Solanine has, amongst many other effects, a choline esterase inhibitor function and thus affects the central nervous system. The symptoms of solanine poisoning are nausea, vomiting, diarrhoea, stomach cramps, burning of the throat, heart arrhythmia, dizziness, and in severe cases hallucinations, loss of feeling, paralysis, jaundice, hypothermia and death. It causes apoptosis in cells; the cells commit suicide. Ingested concentrations of solanines of between 2mg and 5mg per kilogram of body weight will cause severe poisoning, possibly fatal.

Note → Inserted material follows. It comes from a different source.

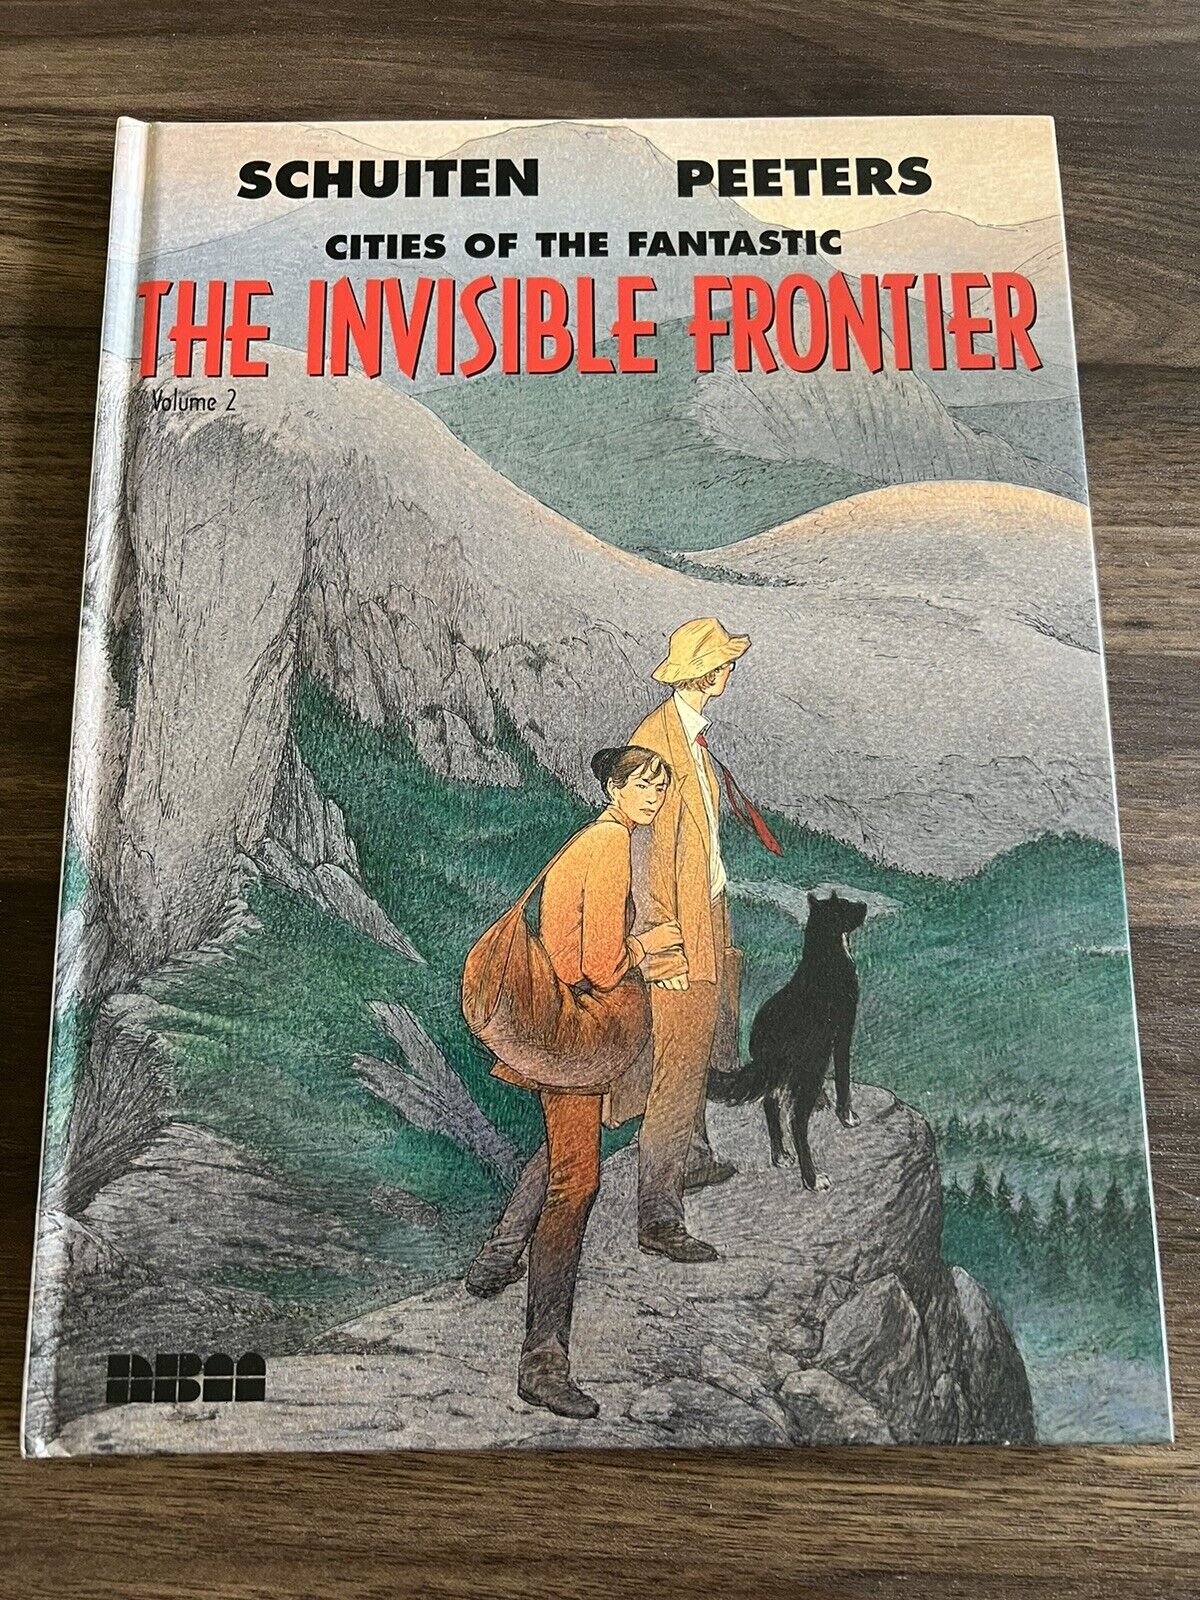 Cities of the Fantastic: The Invisable Frontier Volume 2
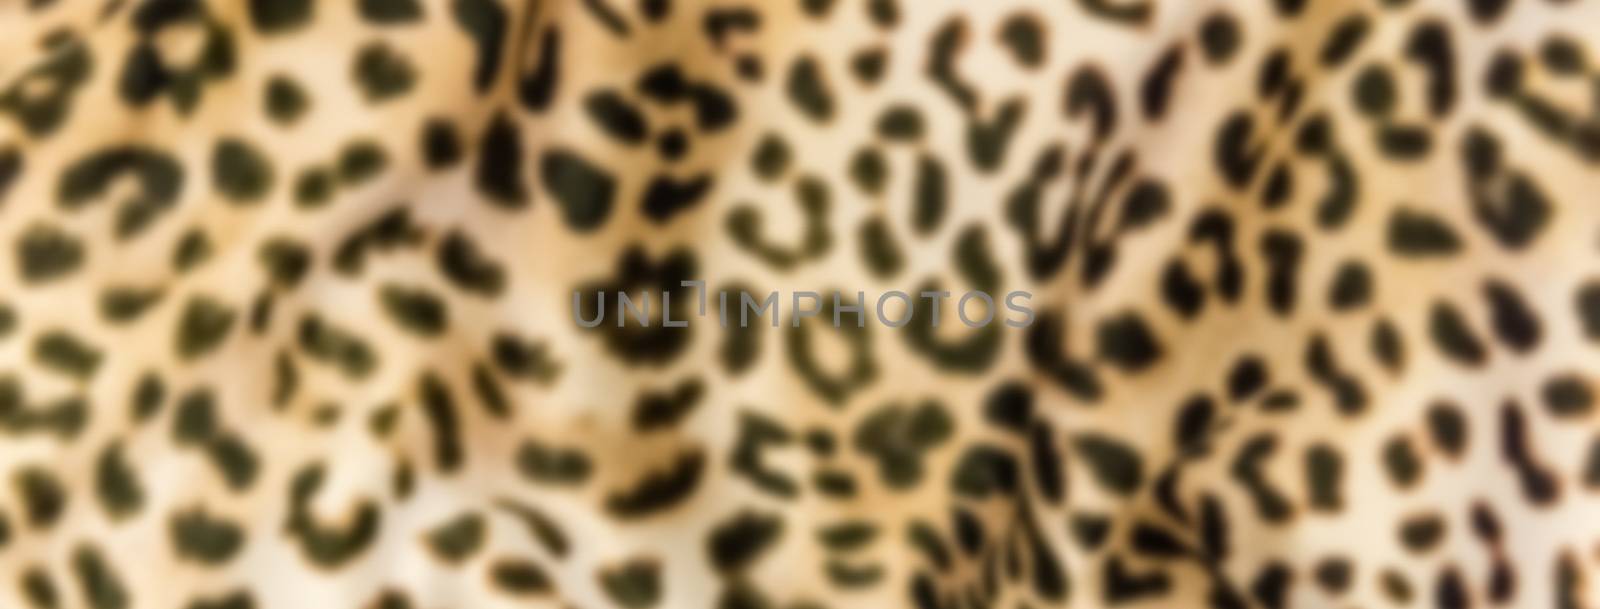 Defocused background of a fabric texture by marcorubino

Demissidine, as a glycoalkaloid with glycosides attached [which are not shown here], is found in significant concentrations in the skins of un-ripe potatoes. It is reported to inhibit the enzyme cholinesterase and is also a suspected teratogenic substance, inducing gross abnormalities and birth defects in newborns (such as two heads). It modifies DNA. It has been shown to have anti-bacterial properties, such as activity against Staphylococcus aureus, the bacteria responsible for MRSA. In comparison to the solanines above, Demissidine lacks the double bond in the steroid entity, and also a methyl group on the piperidine group (top right).
Calystegines are poly-hydroxylated nortropane alkaloids, derived from Tropane but without the methyl group on the nitrogen atom. These two are found in potatoes,
Tomatoes, Sweet and Chili Peppers,
Eggplants, Sweet Potatoes,
Cabbage and are potent glycosidase inhibitors. They were first reported in plants of the Bindweed Family (Convolulaceae) but are most ubiquitous in the Nightshade Family (Solanaceae). The major proportion of these alkaloids are synthesized within the roots, and the largest increase in production was observed in tubers that have suppressed sucrose synthase activity. Increases in calystegines seems to be linked with sucrose availability.
Calystegines are not destroyed by cooking and are stable enough to be found in processed potato products such as dried mash potato. Storage of potato tubers at 5°C increases the 4-O-α-D-galactoside of Calystegine B2 and Calystegine A3.
The inhibition of mammalian β-glucosidase and α-galactoside activities raises the possibility of toxicity in humans when large quantities of these plants are consumed.
Other Calystegines are to be found within Apple-of-Peru, Danish Scurvygrass and other plants.